We take the security of Loremaester seriously. Thank you for helping keep it and its users safe.

Please report vulnerabilities openly as an issue.

Please include:

• A short description of the issue.
• Steps to reproduce.
• Affected file(s) / component and version (commit SHA if possible).
• A suggested fix, if you have one.

This is a small, maintainer-driven project, but I'll do my best to keep up with any input.

In scope — code maintained in this repository:

• The MCP servers under mcp-servers/ (r2r-wrapper, sourcebooks, vault-graph).
• The CLI tools under scripts/ (ingestion, OCR, graph builder, verification).
• The skills under skills/ (and the demo copy under examples/ttrpg/skills/).
• The deployment and sandbox configuration under docker/ and .devcontainer/.

Out of scope:

• Your own vault content and the documents you ingest.
• Third-party components we orchestrate but do not vendor — R2R, Ollama and its models, the Docker images (Postgres/pgvector, MinIO, Hatchet, RabbitMQ, Unstructured.io), and Obsidian. Report those to their respective projects (see THIRD_PARTY_NOTICES.md).
• Issues that require pre-existing privileged access to the host machine.
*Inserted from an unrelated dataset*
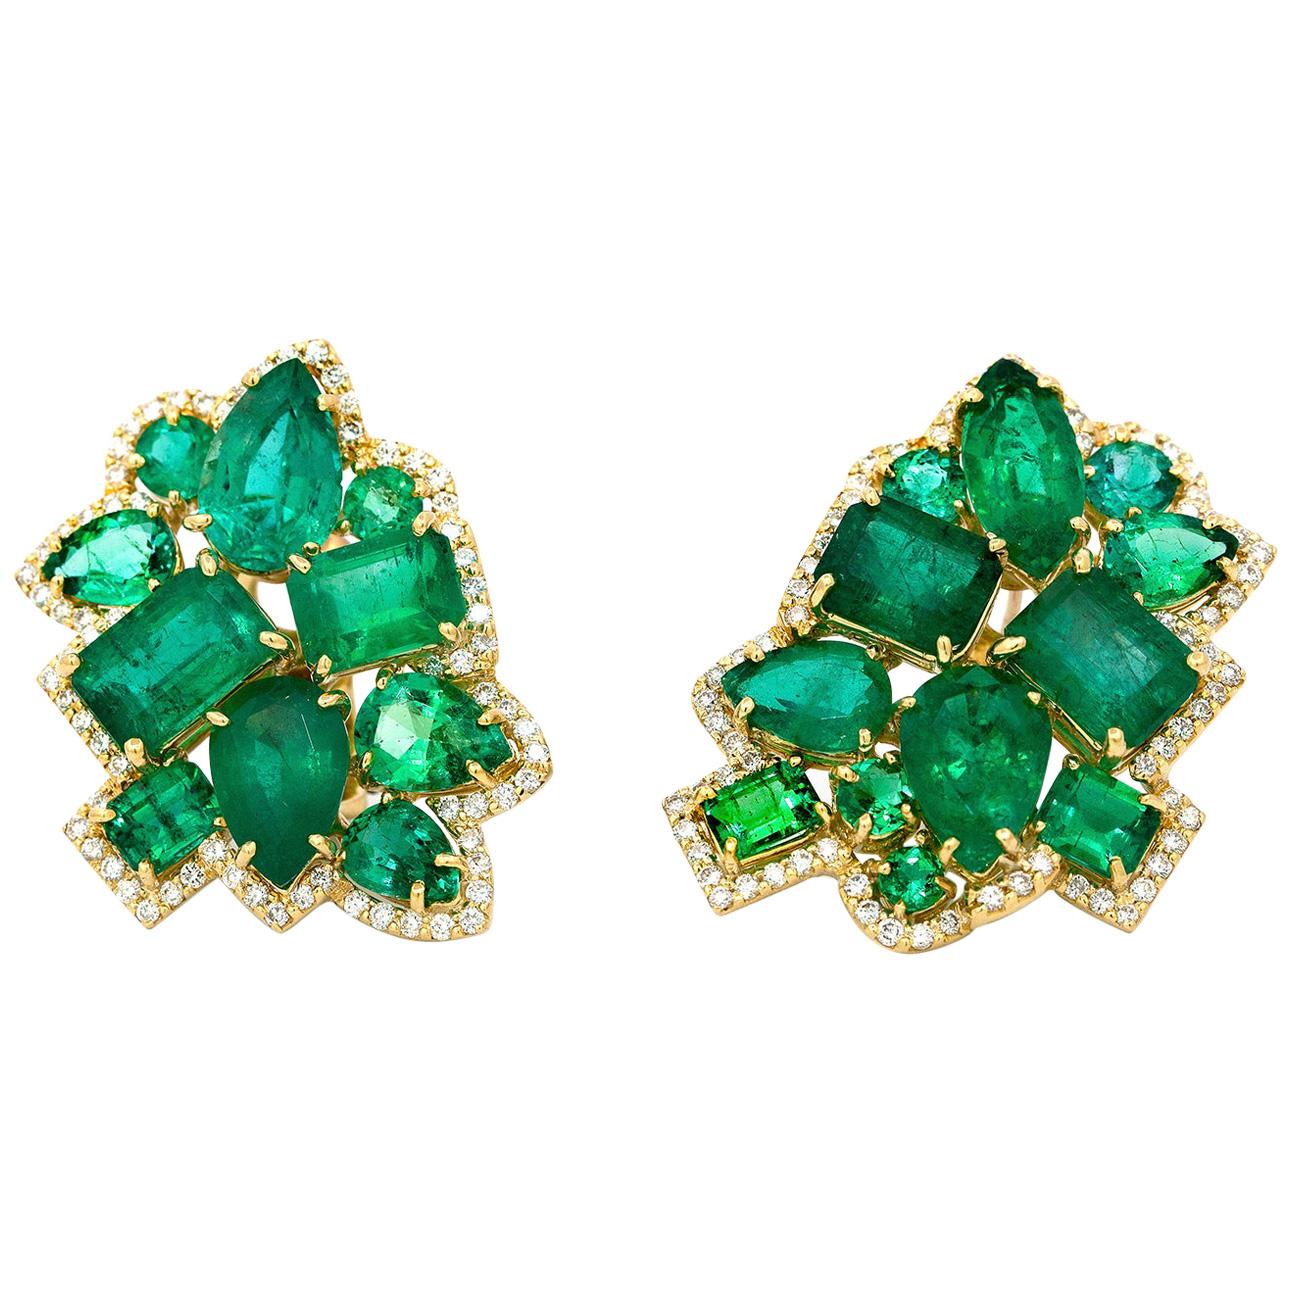 Vintage-Smaragde in modernem Vintage-Stil, gefasst in französische 18 Karat Gold Clip-Ohrringe

This project assumes a single-user, single-tenant deployment: R2R + Ollama run on your host, and Claude Code runs in a sandboxed devcontainer that reaches them over host.docker.internal. The devcontainer is the security boundary. Its threat model (a compromised agent context via prompt injection or a poisoned dependency), the host-R2R-not-Docker-in-Docker decision, the egress firewall, and the locked-down posture are documented in .devcontainer/SecurityReview.md. Multi-tenant or shared-host deployments might need explicit additional hardening, and are out-of-scope for now.

Supply chain. All container images, the host compose stacks and the devcontainer base, are pinned by sha256 digest (not floating tags), so builds are reproducible and an upstream tag can't be silently repointed. Automated digest/version updates via Dependabot are staged for v0.2 (a ready-to-use config sits at specs/v0.2/dependabot.yml, kept out of .github/ so GitHub does not validate it yet); for v0.1, re-pin manually when bumping versions.

Reporters who act in good faith under this policy will not face legal action, and will be credited in the release notes for the fix unless they ask otherwise.